Sunday, January 31, 2010
Home and memories
It's kind of strange in some ways to still live in the same town in which I grew up, and to have lived in this town since the age of 7, with a few years break for college and 2 years of graduate school. It's strange to me because having lived here so long means that a lot of the places around me are associated with many, many memories, from quite a few different times in my life. What makes it even stranger is that I have lost touch with most of the people who I knew here growing up, even those who still live in the area, and I have formed few new connections. I am not a person who makes new friends easily for a variety of reasons, and most of my connections now are with old college friends and some co-workers. So, I live in my old hometown as a stranger now. Sometimes I feel like I'm almost as disconnected as a person from the same town 100 years ago would be if they stepped out of a time machine today. A lot of the places are familiar and loaded with memories, but the people are strangers.
Thursday, January 28, 2010
Public transportation - 19th century - 1; 21st century - 0
A couple of days ago it was raining and over 40 degrees (Fahrenheit), and tonight it's about 8 degrees, with windchills of about -8. Such is winter in New England.
I met with an old friend and co-worker a couple of days ago - he's come back to the historical archive where I work (and he used to work) to do some research on 19th century railroads in Massachusetts, specifically the railroad that runs east-west across the state between Boston and Albany, N.Y. One interesting bit of information he provided was that according to the oldest schedules that he found, the trains in the 1850s could travel between Boston and Worcester in slightly less time than the commuter rail trains that follow the same route today. This is especially interesting (and depressing) to me because I used to travel on those commuter trains when I worked in the Boston area. It's interesting (and slightly depressing) to learn that a traveller in the pre-Civil War period could get a faster trip than present-day commuters! Granted, the seating on those early trains probably made even the most cramped old commuter rail cars today seem like luxury hotels on wheels - I think that the early seats were usually plain and rickety wood, on cars that had very limited shock absorbing capabilities.

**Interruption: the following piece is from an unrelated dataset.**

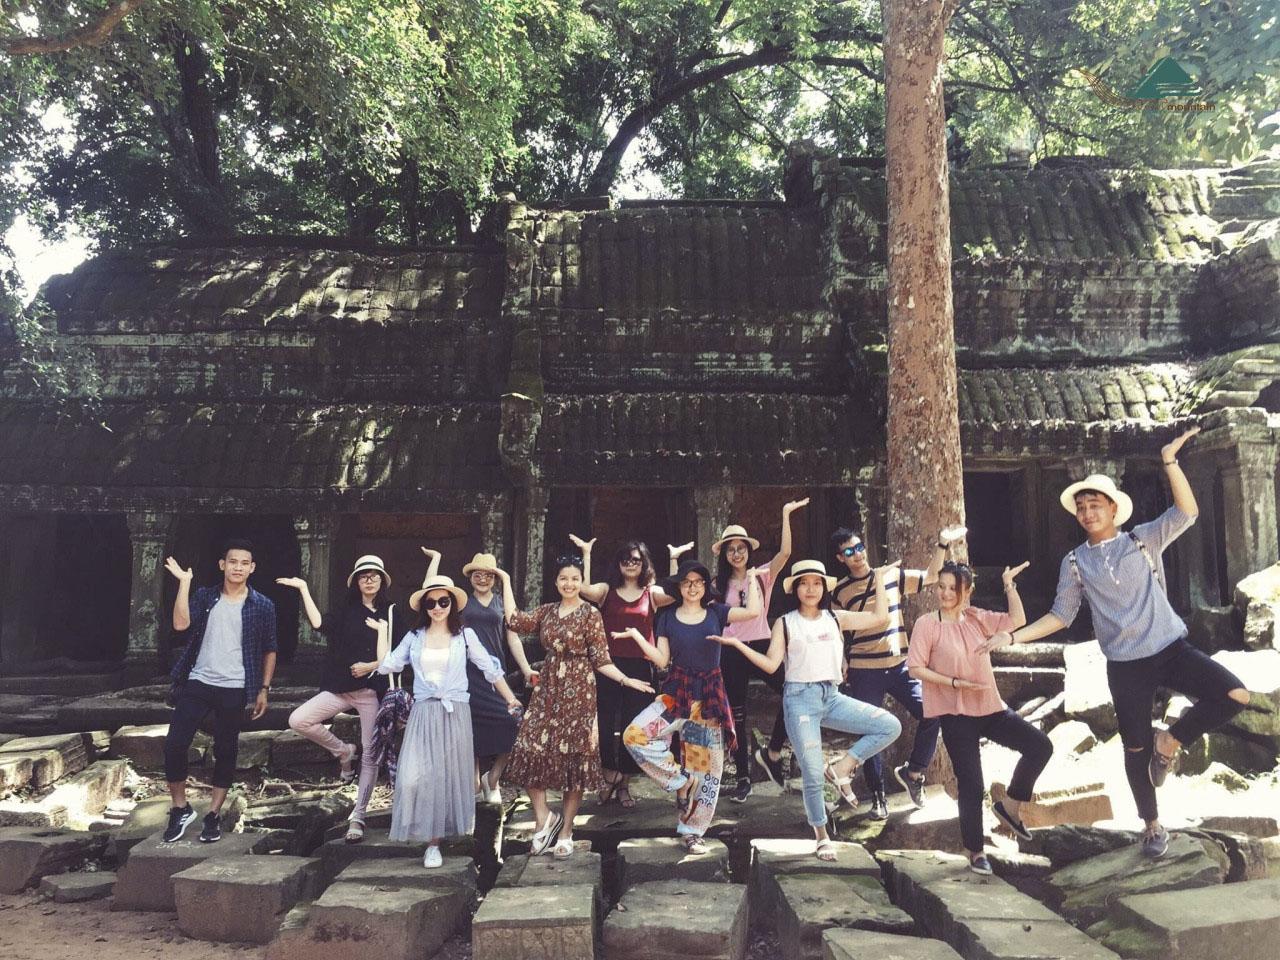 Tour Du Lịch Campuchia 4 Ngày 3 Đêm Tết Âm Lịch 2019 - Vietmountain Travel 6
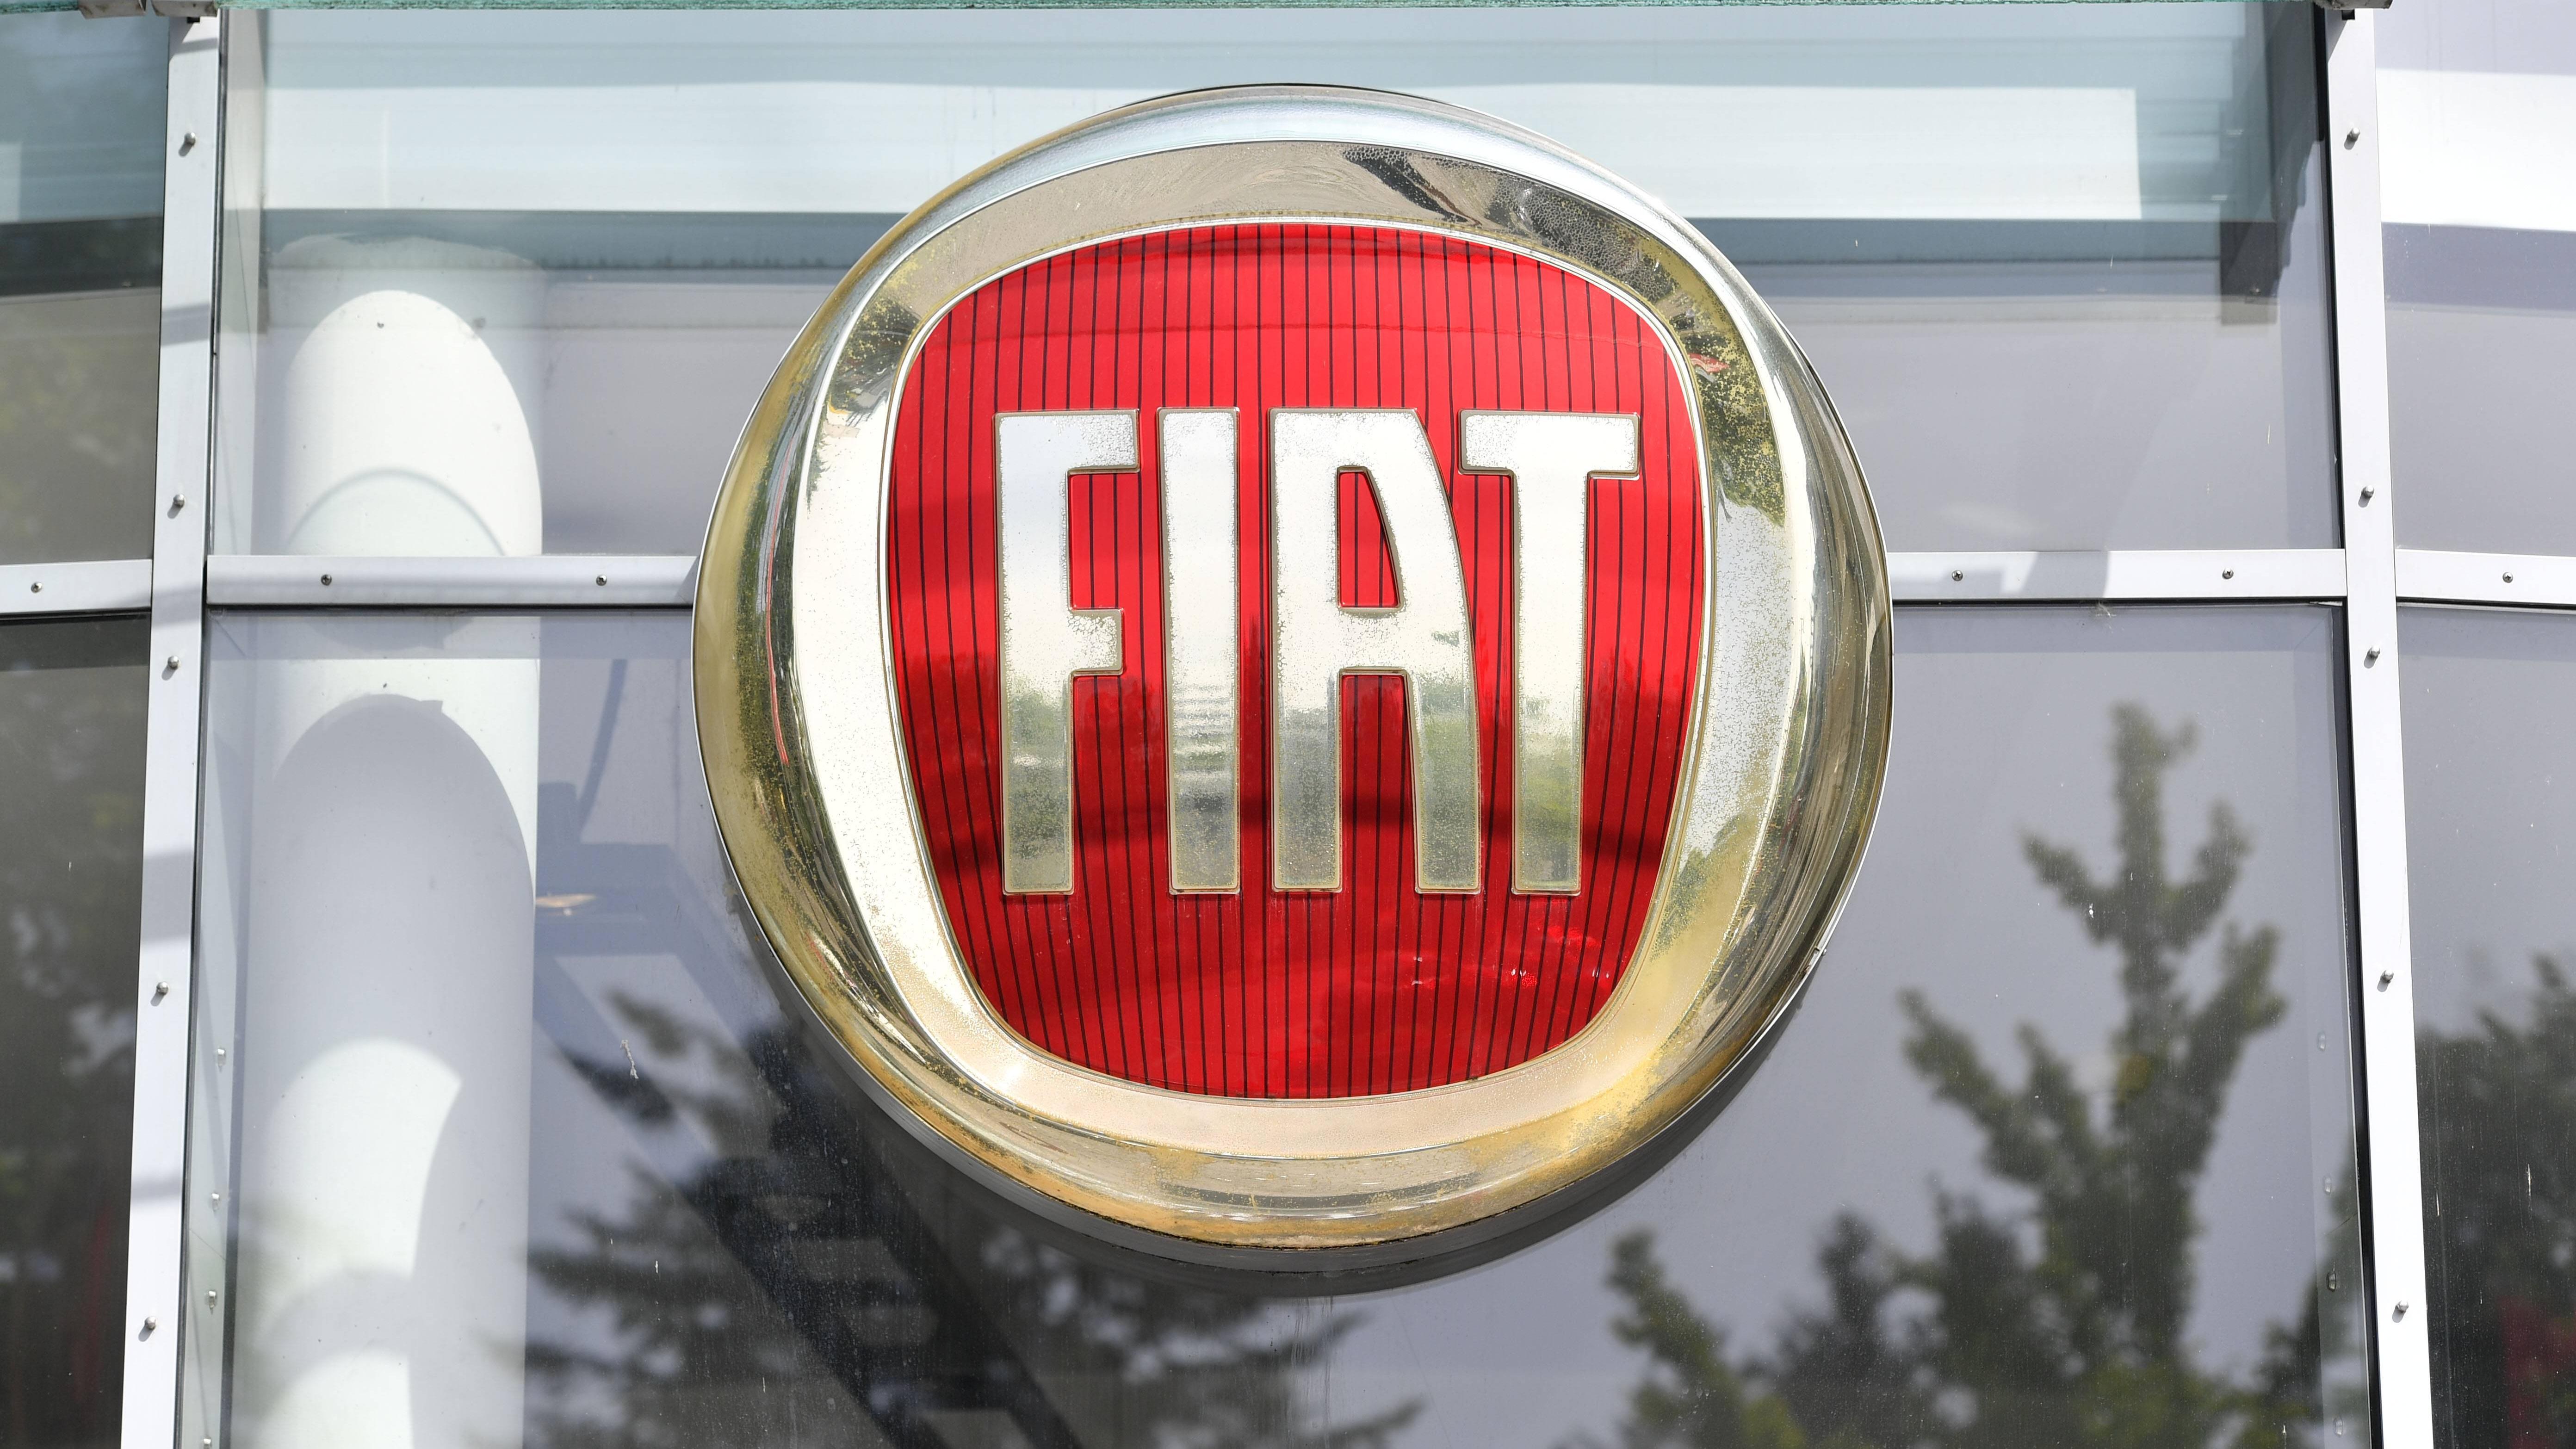 FIAT: Das bedeutet die Abkürzung der Automarke

This kind of ties in with the fact that the USA once had one of the world's best passenger rail networks, and then we basically dismantled most of it in the mid-to-late 20th century because interstate highways and automobiles seemed like a superior method of travel at the time. You could once travel to almost any small city and many decent-sized towns in the USA by rail. Even the electric streetcar networks were pretty comprehensive - I heard somewhere that in the early 20th century one could travel all the way from Boston to Chicago using only electric streetcars, although nobody would actually travel that way because you would probably have to change streetcar lines 30 times or something. I'm not sure if that is actually true or not!
Tuesday, January 26, 2010
Why do I have such trouble ...
with writing anything. I have a job that, fortunately or unfortunately, does not require much in the way of real writing (as in well-constructed sentences that are arranged in such a way as to effectively convey information and ideas). When I need to write anything else, though, on paper or on a computer, I often hesitate again and again, agonize about whether what I have to write is worth writing, and ultimately conclude that no, RPS, nothing you might write is really worth the time and effort. The only time I can avoid the agonizing is if I basically just spew out what's going through my brain at this very second - kind of like in this post. This doesn't make for high quality writing. So, if anyone wonders "why doesn't RPS post more often, and when he does, why does it just seem like random verbal spew?", there's your answer in a nutshell.
Tuesday, January 19, 2010
Republican Senator from Massachusetts
In an interesting political development, my home state of Massachusetts, normally known for being one of the most (possibly the most) Democratic state in the country has just elected a Republican to the United States Senate to fill the seat held for over 40 years by leading Democrat Ted Kennedy. The Republican victory is being variously attributed to the Democratic candidate running a very poor campaign, and general dissatisfaction with the Democratic party as the US economy continues to do poorly and the national debt rises to more and more astronomically high levels.e
There was once a time when I would have been thrilled by this - I used to be a strong Republican who registered to vote in my first election so that I could vote for the doomed Republican candidate who was running against Ted Kennedy in an earlier election. The George W. Bush years gradually ended most of my faith in the Republican party, although I've never learned to particularly like the Democrats either. Ironically, I voted for the Democrat this time, who turned out to be just as doomed as the Republican candidate I voted for some 16 years ago.
This does not seem to bode well for the Democrats. I know that the Republicans are fondly hoping that Obama will turn out to be another Jimmy Carter - a president elected on an idealistic platform of "change" who proved to be ineffective and unpopular and who was replaced by a conservative Republican in a political backlash. I wonder if they will get their wish.